### Recorded information

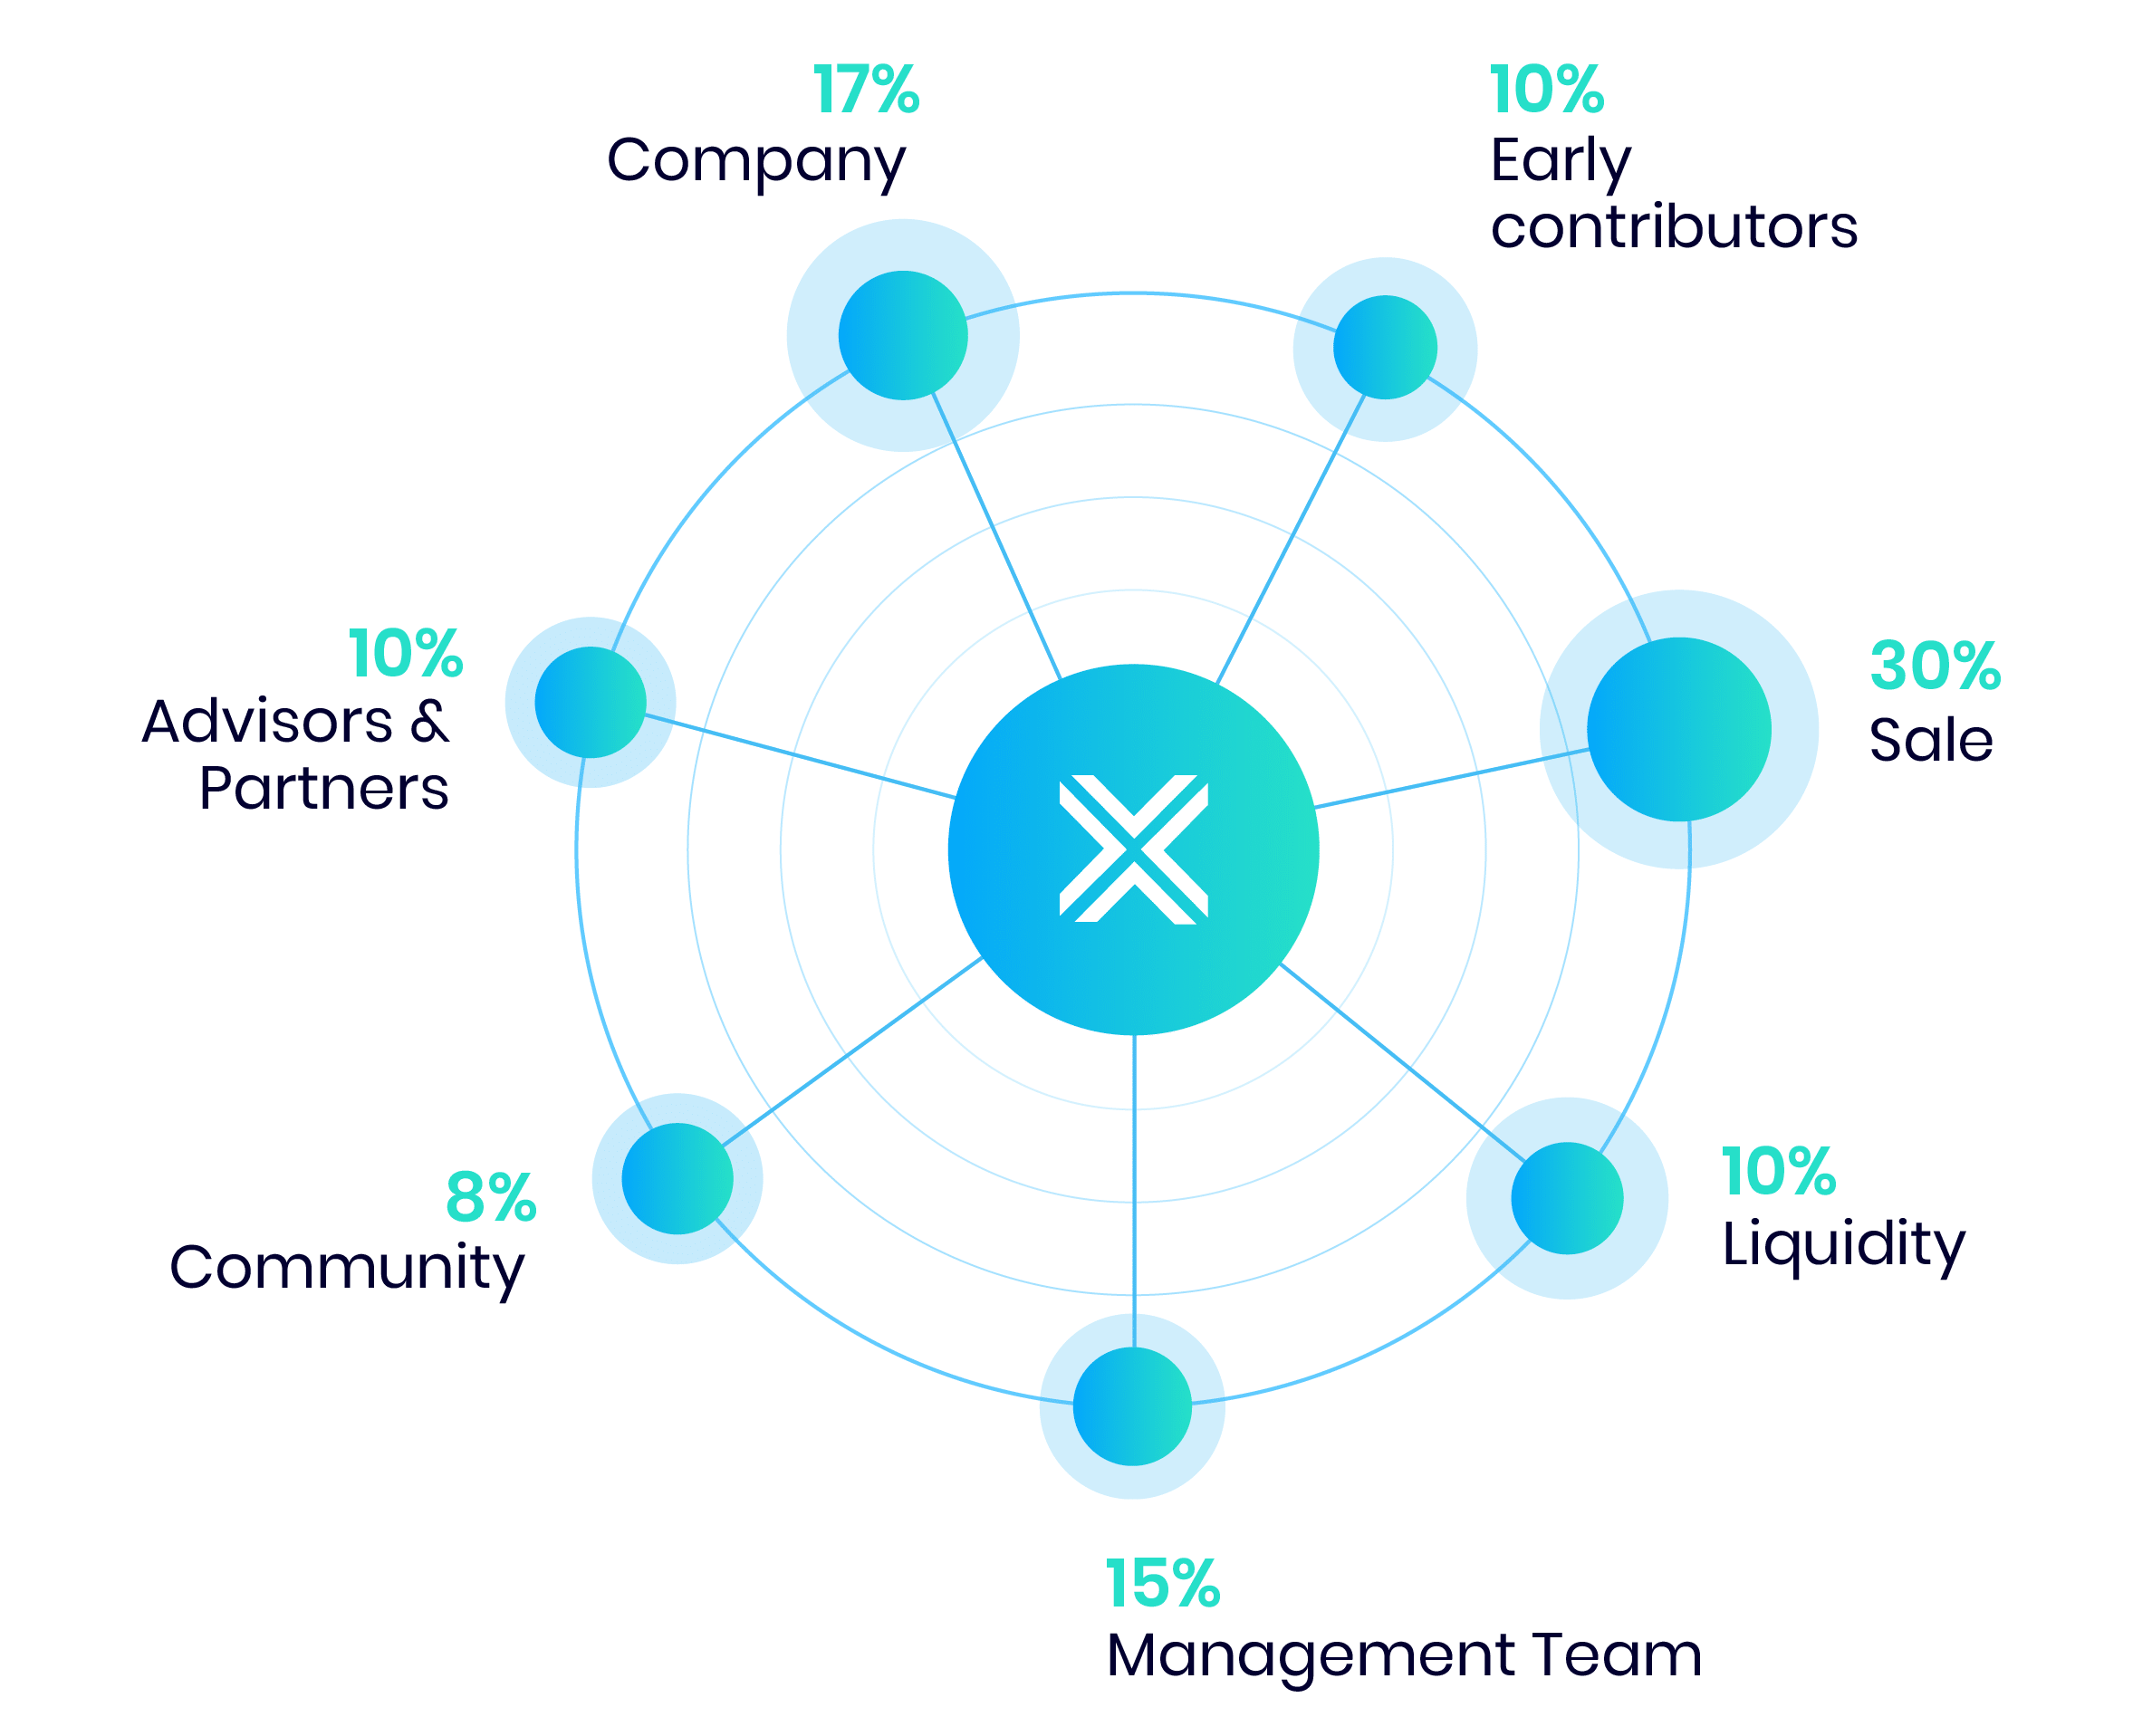 Nowy token od IronFX
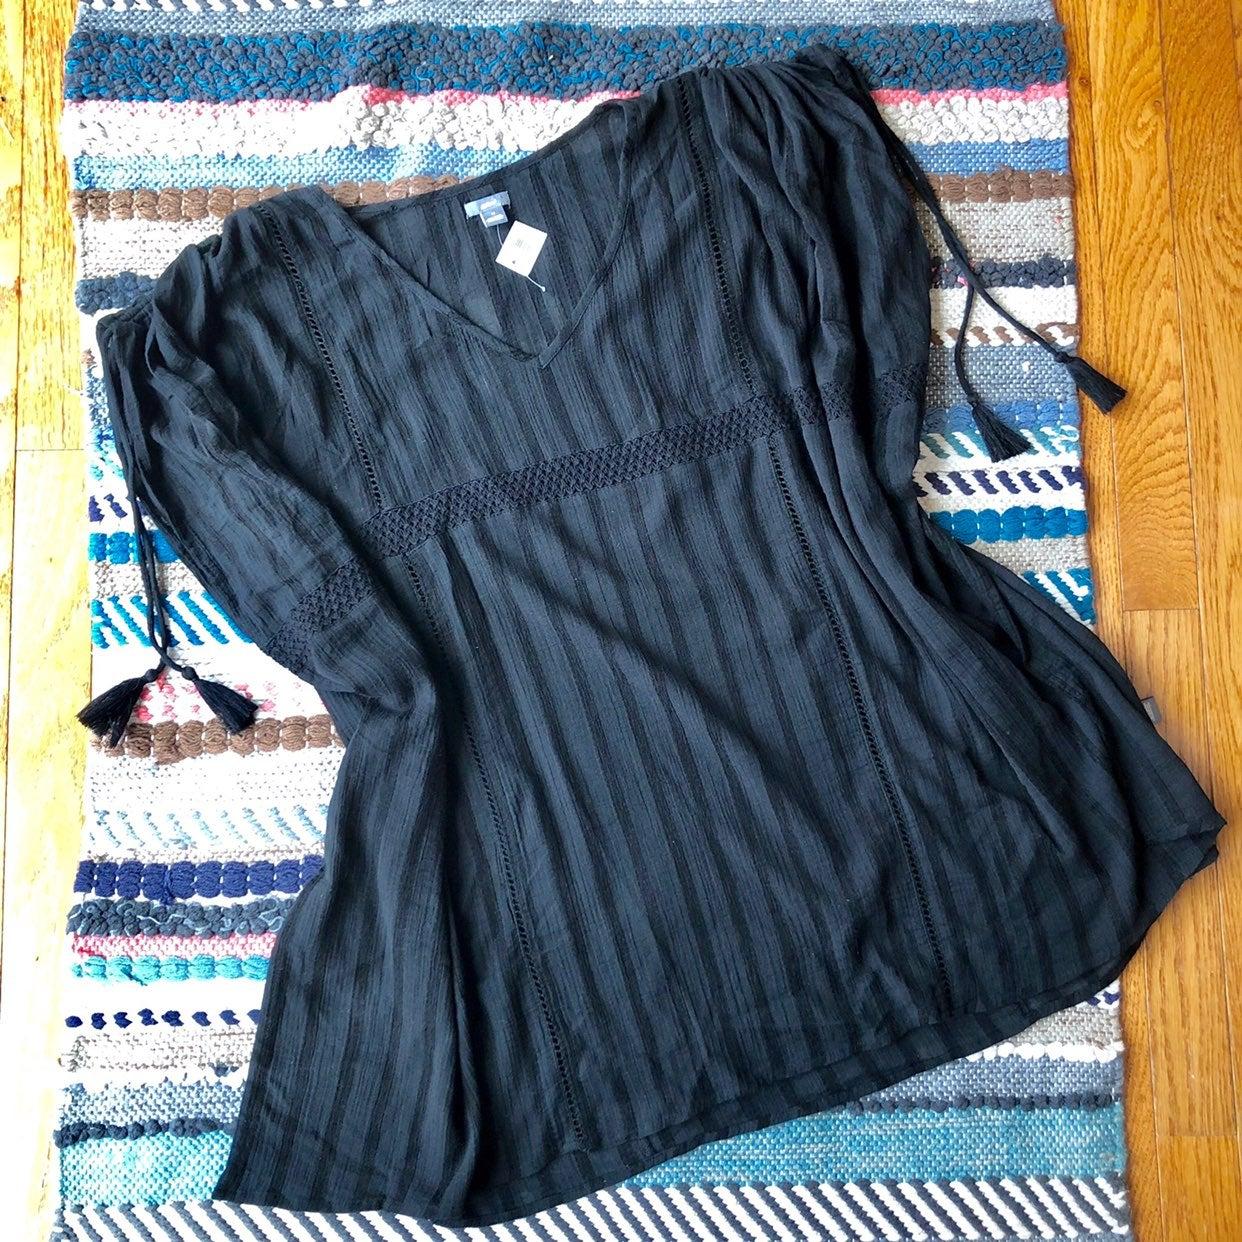 NWT Aerie Black Tassel Lace Coverup
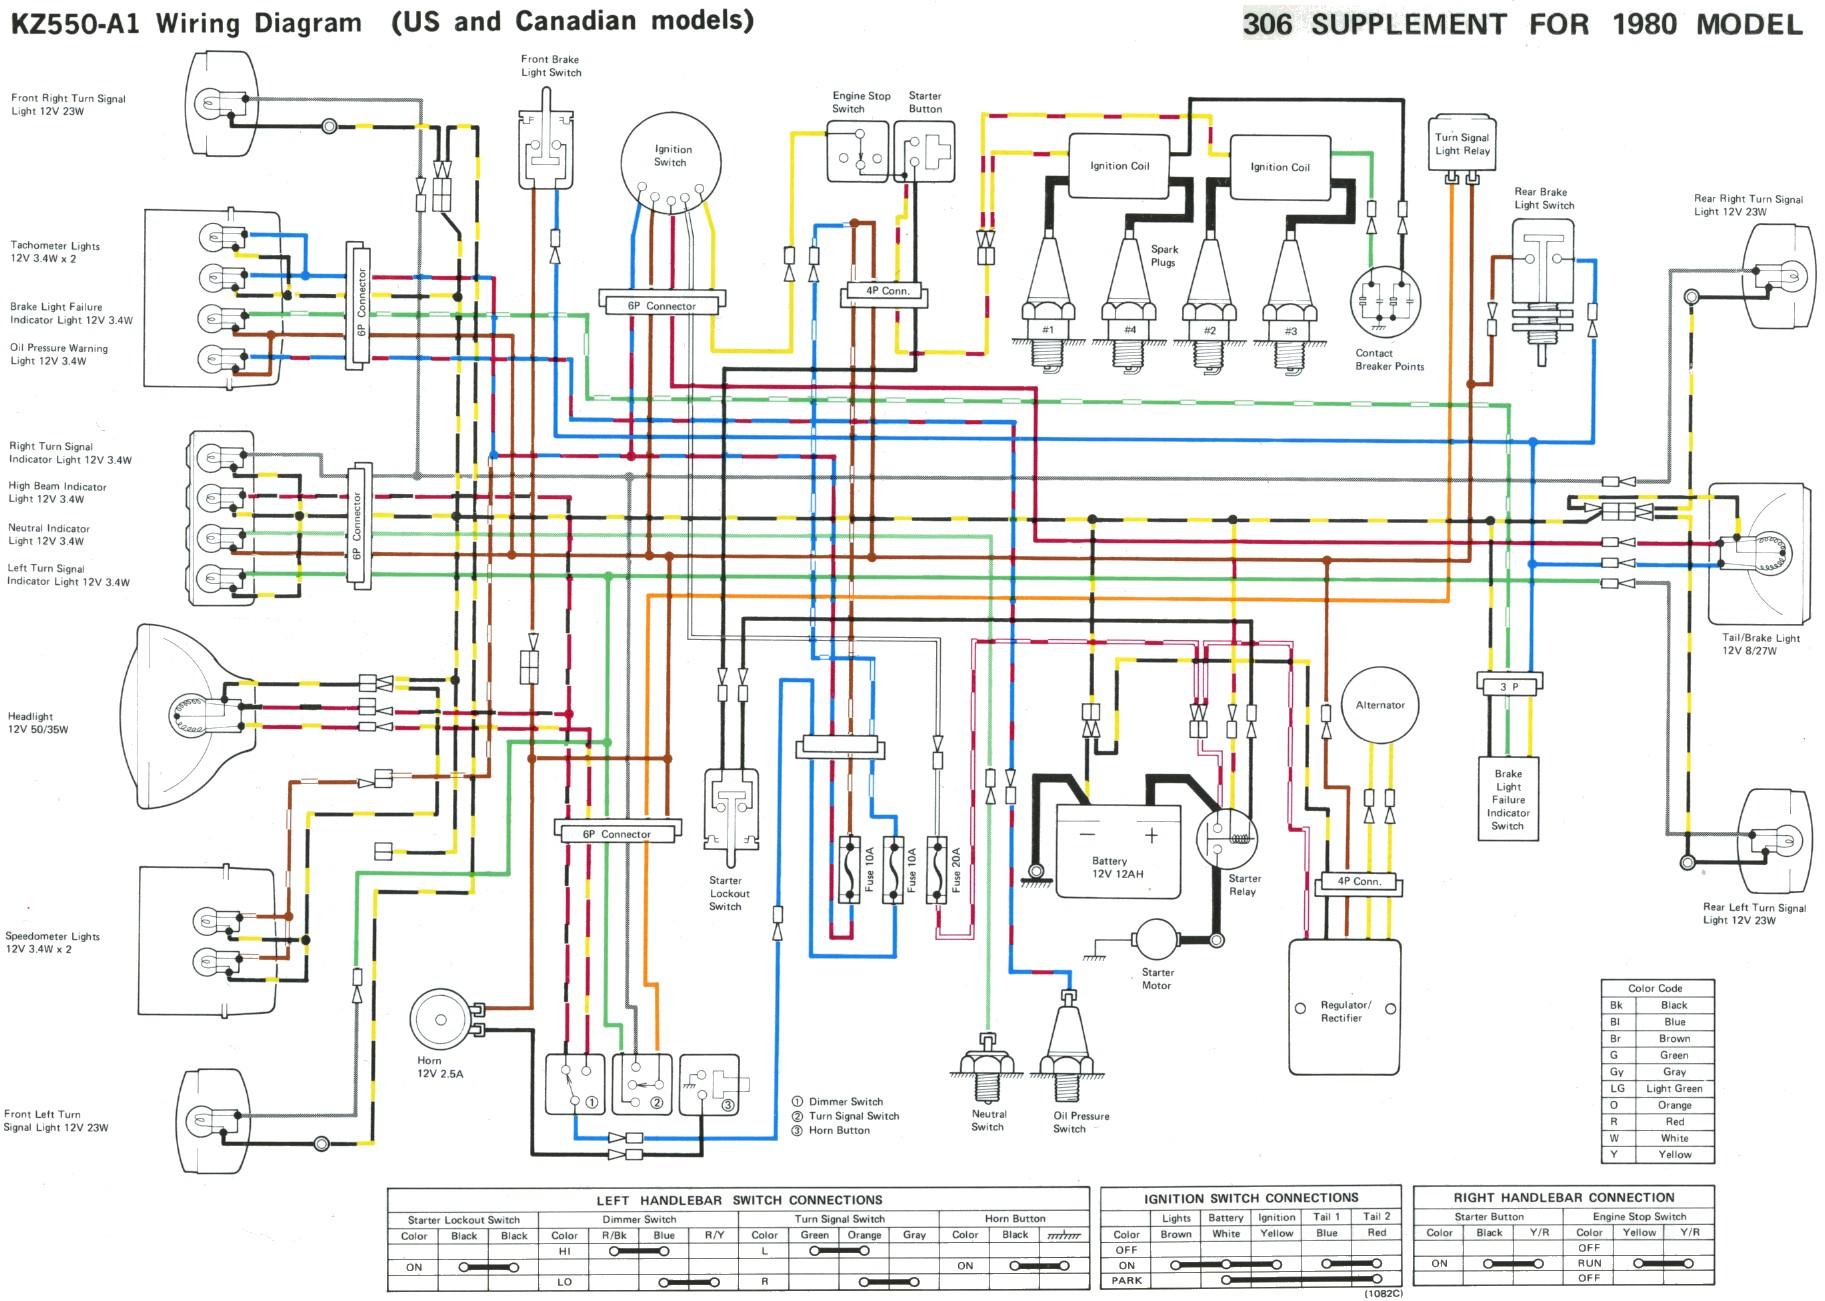 kawasaki wiring schematics kawasaki f9 wiring diagram rain repeat14 klictravel nl  kawasaki f9 wiring diagram rain

### Required work
All the lines above should be reproduced exactly, and none of the pictures.

### Solution for this task
 Nowy token od IronFX
 NWT Aerie Black Tassel Lace Coverup
 kawasaki wiring schematics kawasaki f9 wiring diagram rain repeat14 klictravel nl  kawasaki f9 wiring diagram rain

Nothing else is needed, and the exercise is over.